Head of Bioinformatics Core Facility
Prof. Dr. Alexander Dilthey and the CECAD Bioinformatics Core Facility team support the bioinformatics analysis needs of the CECAD community with state-of-the-art analysis algorithms and genomic data science.
In addition, Prof. Dilthey also leads the research group Genome Informatics, with a focus on bioinformatics methods development and population-scale genomic analyses.
Our research: The Genome Informatics Group is working on translating advances in DNA sequencing technology into biological insight and novel diagnostic approaches. To achieve this we're using computational genomics and genome informatics; we develop new approaches for the analysis of sequencing data and apply these to large datasets (sometimes comprising tens or hundreds of thousands of individuals). In close collaboration with our colleagues, we're working on novel approaches that leverage the power scalable DNA sequencing technologies and algorithms for the rapid and comprehensive interrogation of clinical samples. Current research projects include the genetic characterization and genomic epidemiology of novel coronavirus SARS-CoV-2; de novo assembly and population reference graphs; high-throughput immunogenetics in some of the world's largest human genome cohorts.

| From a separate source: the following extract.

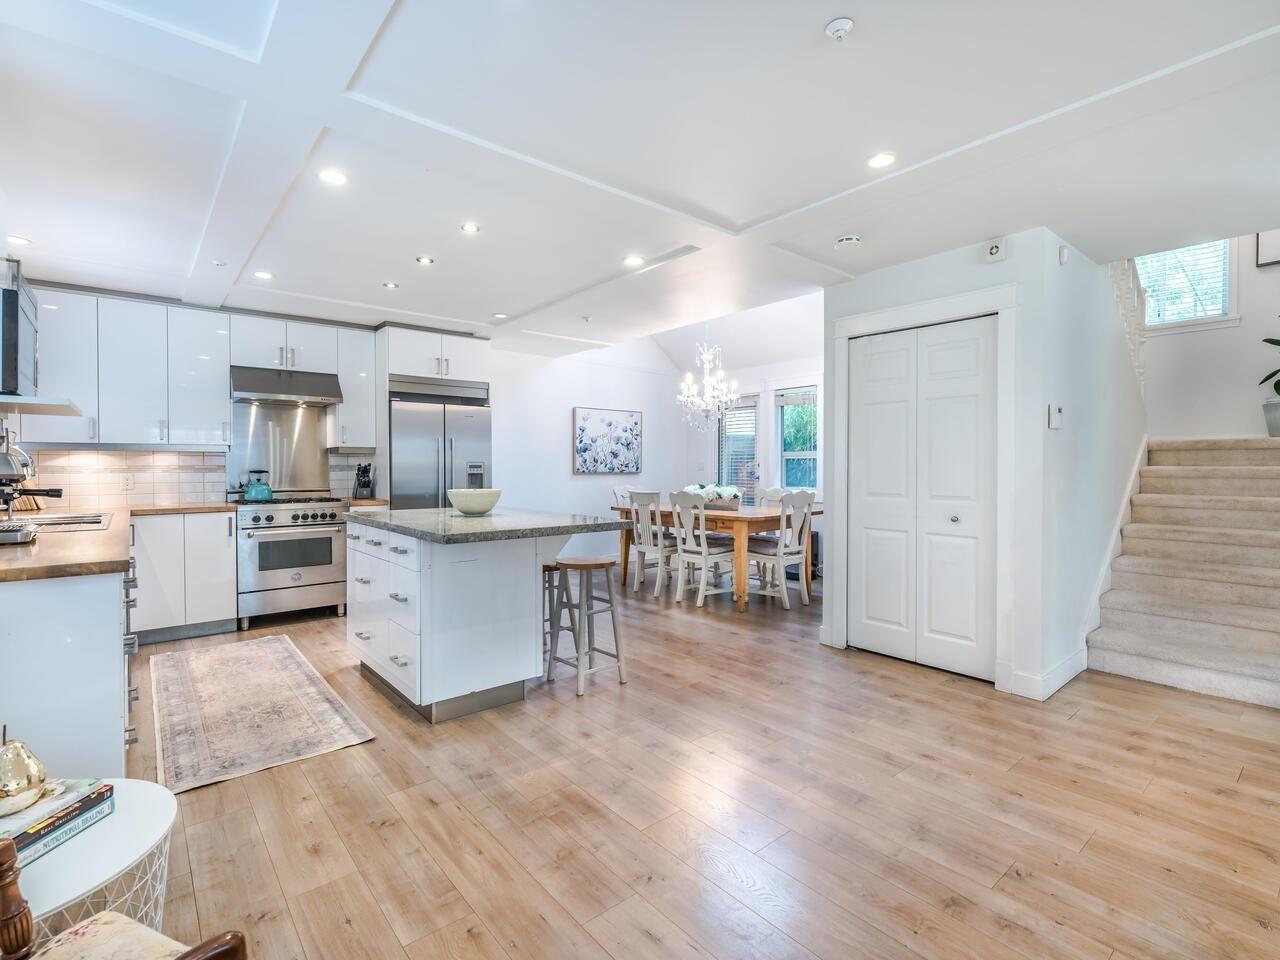 1231 E 11TH AVENUE - Mount Pleasant VE 1/2 Duplex for sale, 3 Bedrooms (R2625828) - #17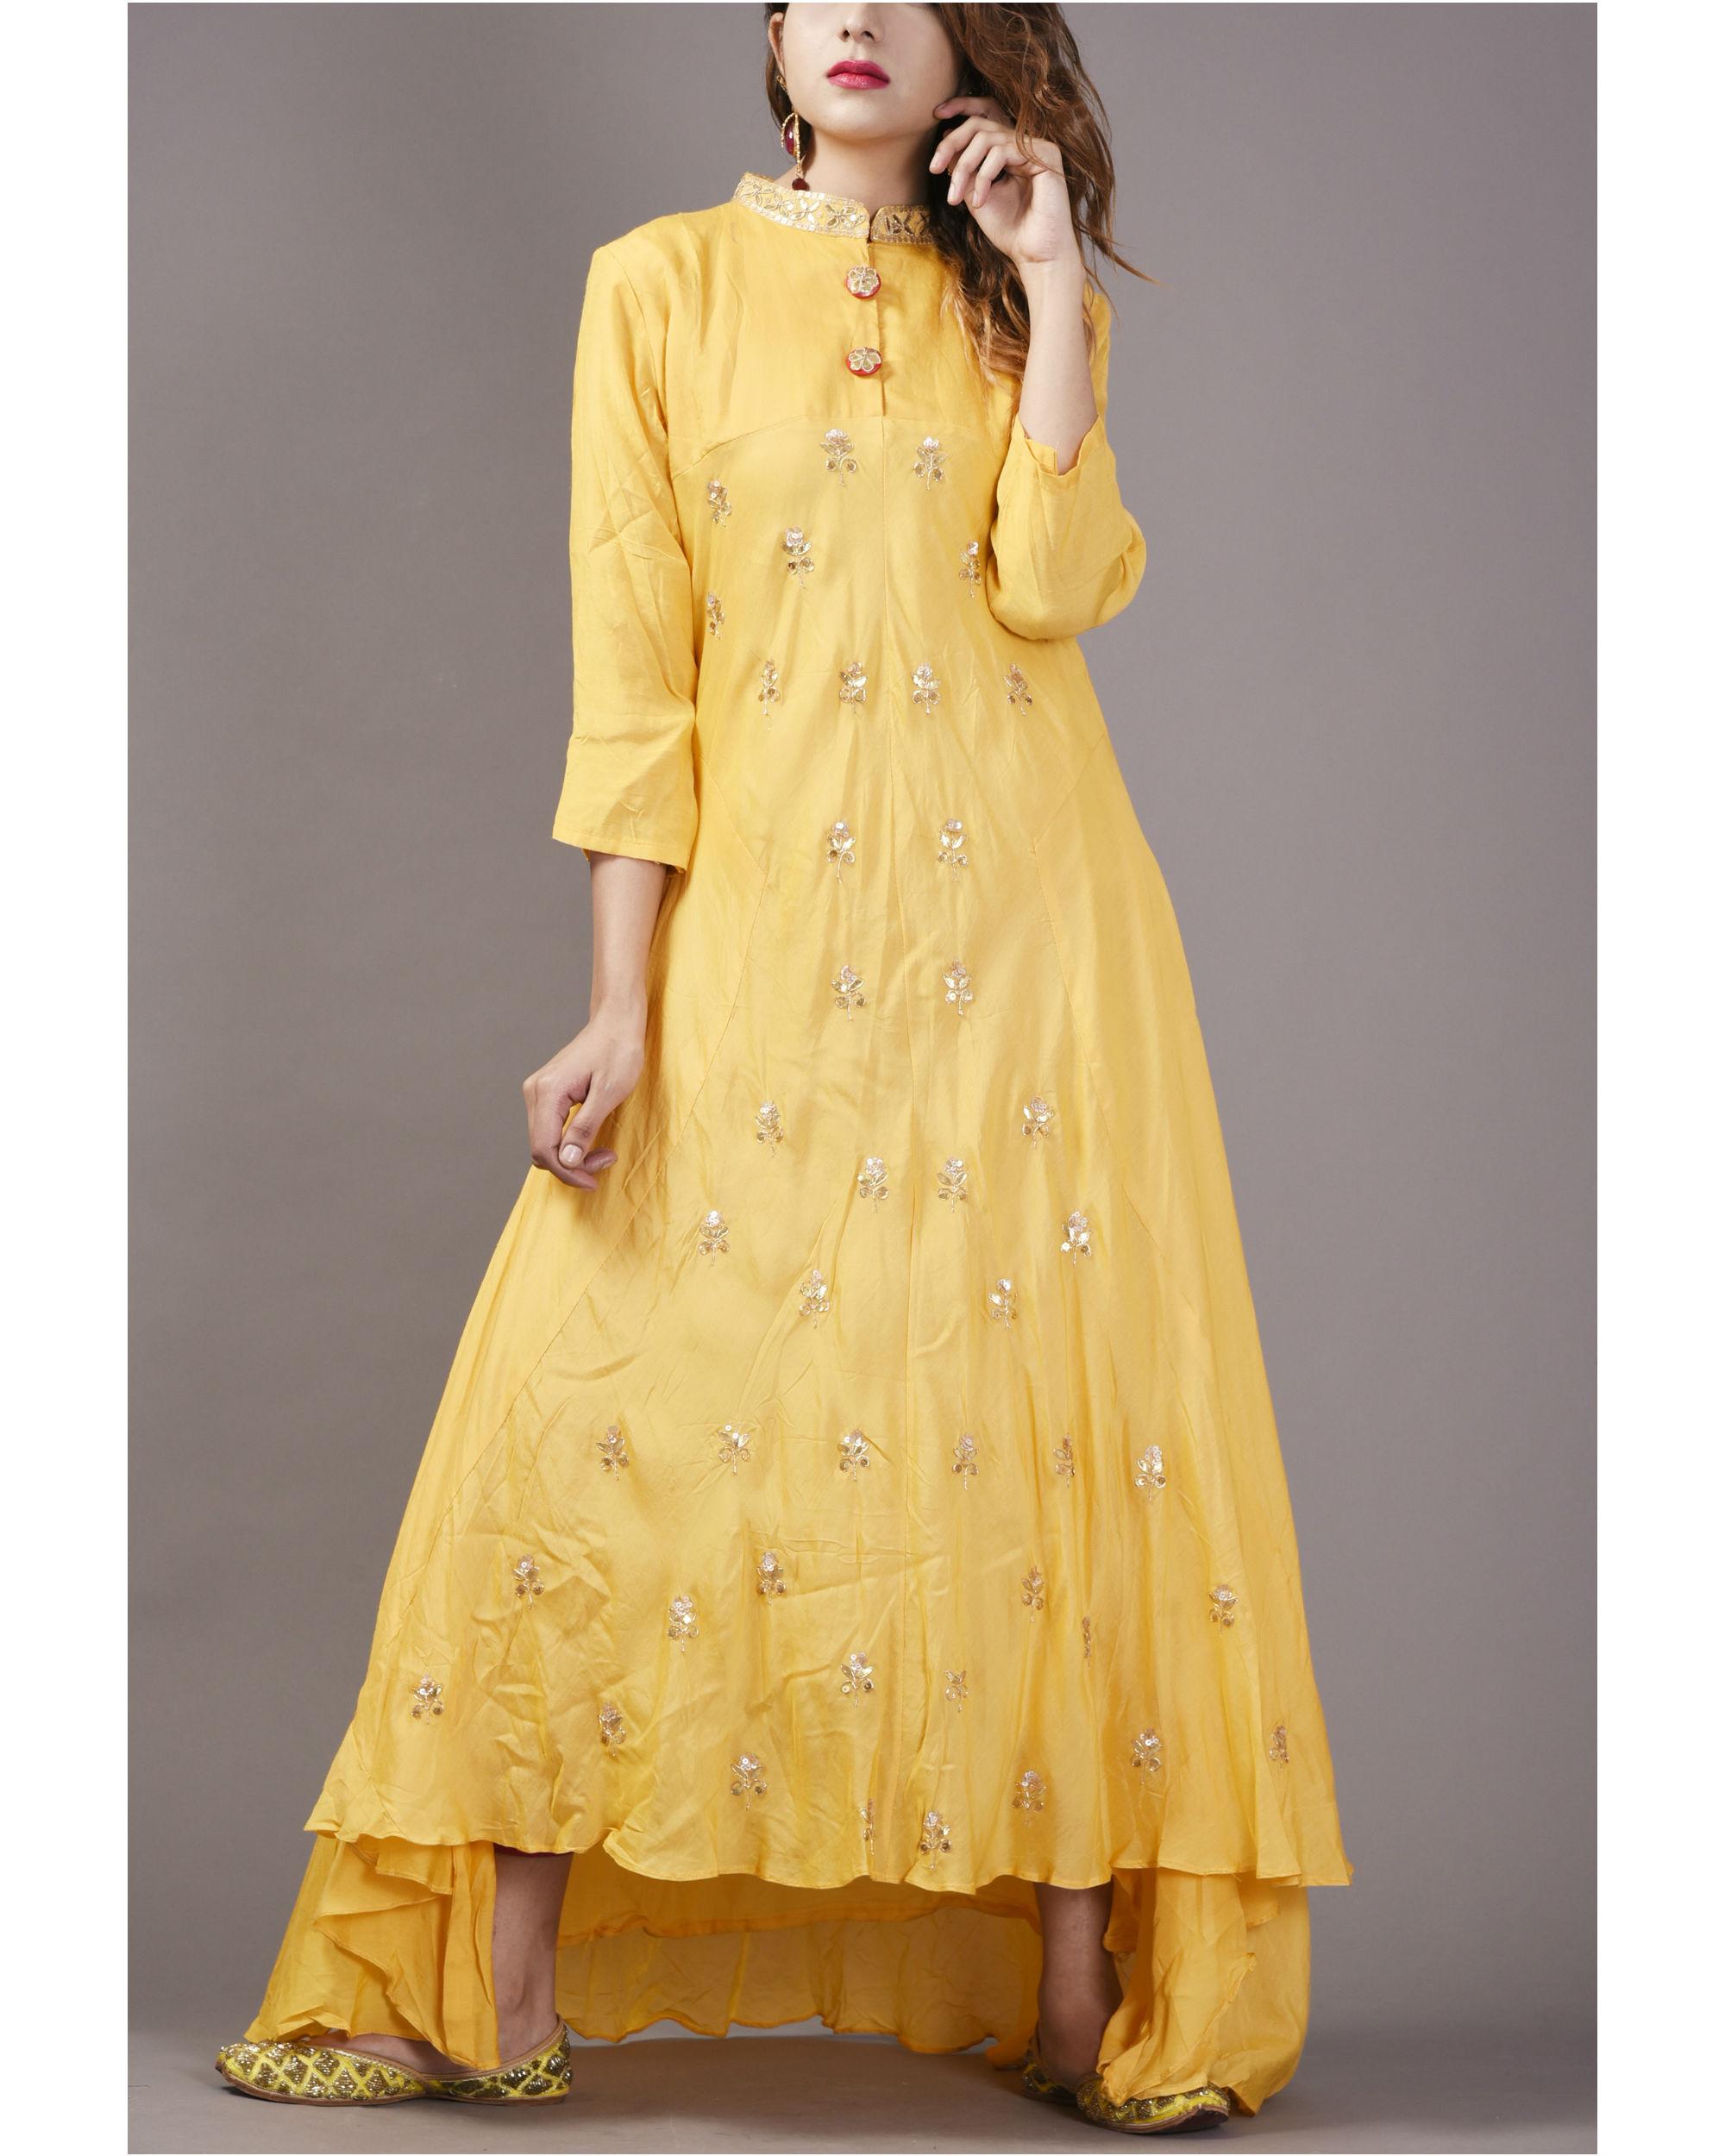 High low butterscotch dress

Our methods/techniques: Our research combines methods from the fields of statistical genetics, methods for sequence analysis (including alignment and sketch-based algorithms), and genomic data science.
Figure 1: Minimum spanning tree and genomic neighbourhood analysis of 44 unambiguously resolved SARS-CoV-2 sequences from North-Rhine Westphalia, including 8 isolates from the Heinsberg district. Dashed and solid edges without adjacent numbers indicate distances of 0 and 1, respectively; all other distances are shown explicitly. Genomic neighbourhood analysis based on GISAID data. Source: Walker et al. .
Figure 2: Sequence homology between HLA-A, -B and–C. Graphs visualizing sequence homology between HLA-A, -B and -C across exons 2 (left) and 3 (right), based on an IMGT/HLA-provided multiple sequence alignment (MSA) of 3284 -A, 4077 -B, 2799 -C alleles. Source: Dilthey et al.